Saad Sherida Al Kaabi, Qatar's energy minister and CEO of QatarEnergy, which has extended its India supply contract to 2048 Noushad Thekkayil/NurPhoto via Reuters Connect
Saad Sherida Al Kaabi, Qatar's energy minister and CEO of QatarEnergy, which has extended its India supply contract to 2048
  • Deal for 7.5m tonnes a year
  • Importer could save $6bn
  • Qatar’s gas output rising

QatarEnergy has renewed its contract to supply 7.5 million tonnes per year of liquefied natural gas to Indian importer Petronet LNG.

The 20-year contract, which will begin in May 2028, is reportedly valued at $78 billion – significantly less than the agreement it will replace. 

Petronet could save around $6 billion over the contract term, according to reports in India, as Qatar works to find clients for its rising LNG output.

The terms of the new contract have not been released, but traders cited by Bloomberg say it is at roughly 12.2 percent of the prevailing Brent oil price, plus a fixed charge of around $0.30 per million British thermal units. 

The current deal, which began in 1999, is at 12.67 percent of Brent with a fixed charge of $0.52.

Under the 2028 agreement, the 7.5 million tonnes of LNG will be delivered directly to terminals across India via the QatarEnergy fleet.

Petronet has a separate deal with Qatar to import another 1 million tonnes per year of LNG, signed in 2015. 

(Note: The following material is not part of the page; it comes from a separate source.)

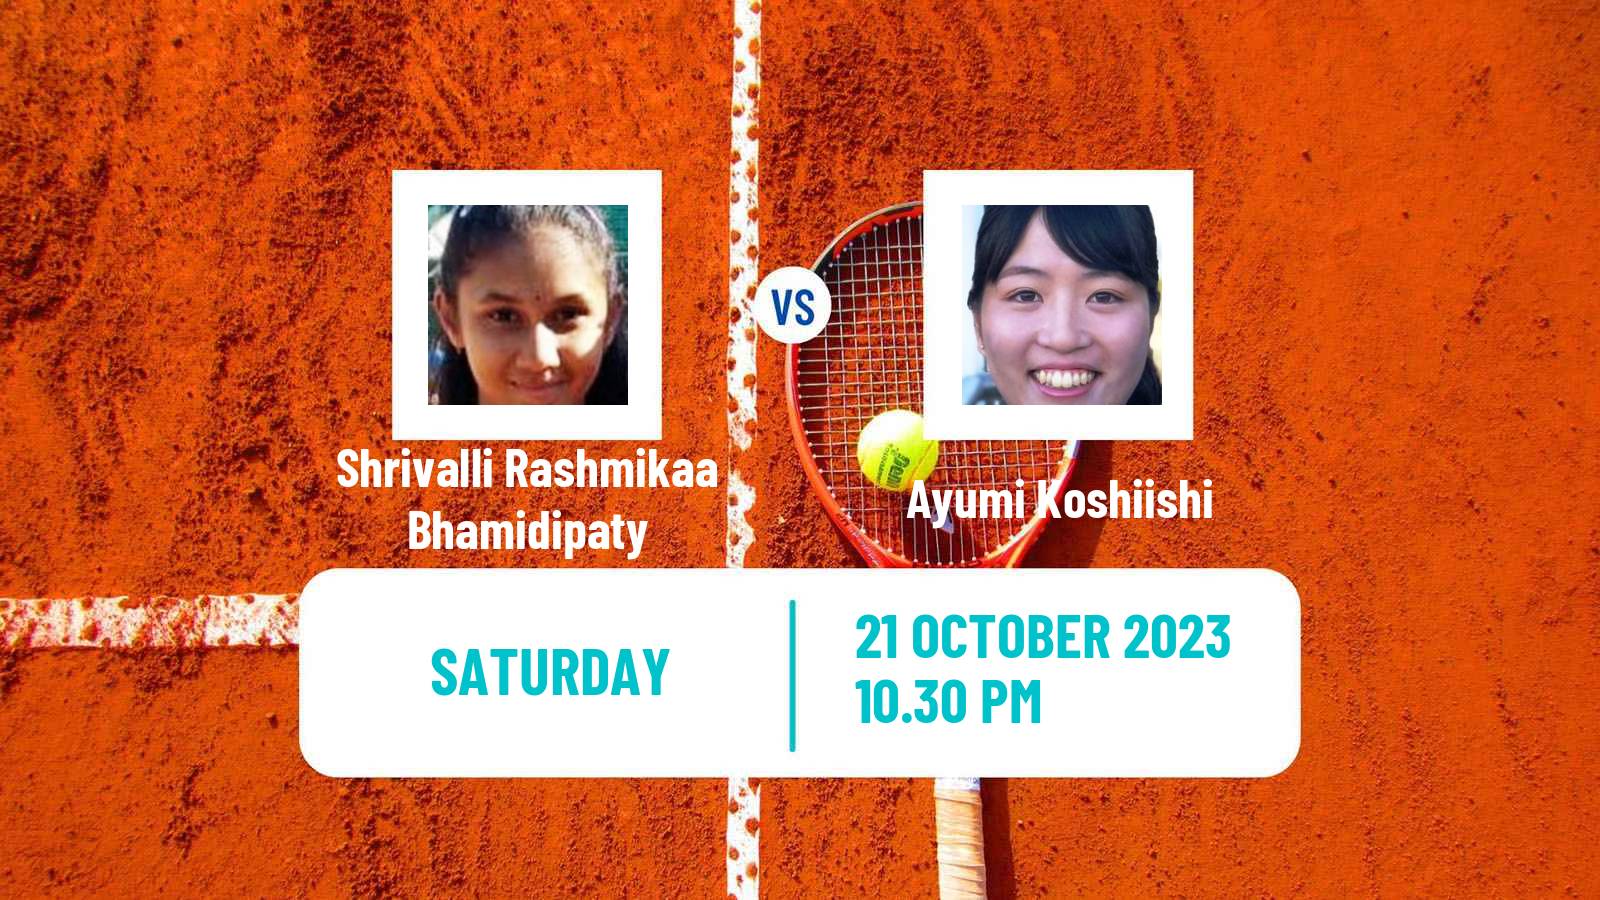 Tennis ITF W15 Hua Hin 2 Women Shrivalli Rashmikaa Bhamidipaty - Ayumi Koshiishi

India is emerging as one of the drivers of gas demand in Asia. Its LNG imports could increase by half by 2025, according to the International Energy Agency.

The country, which relies on coal for a high percentage of its energy mix, aims to raise the share of cleaner-burning natural gas to 15 percent by 2030, from about 6 percent today.

Qatar, the world’s third-largest LNG exporter, is increasing its output from 77 million tonnes per year to 126 million by 2027. It has found clients for around half the new supply. At the end of January, it signed an agreement to supply 1 million tonnes per year to Bangladesh.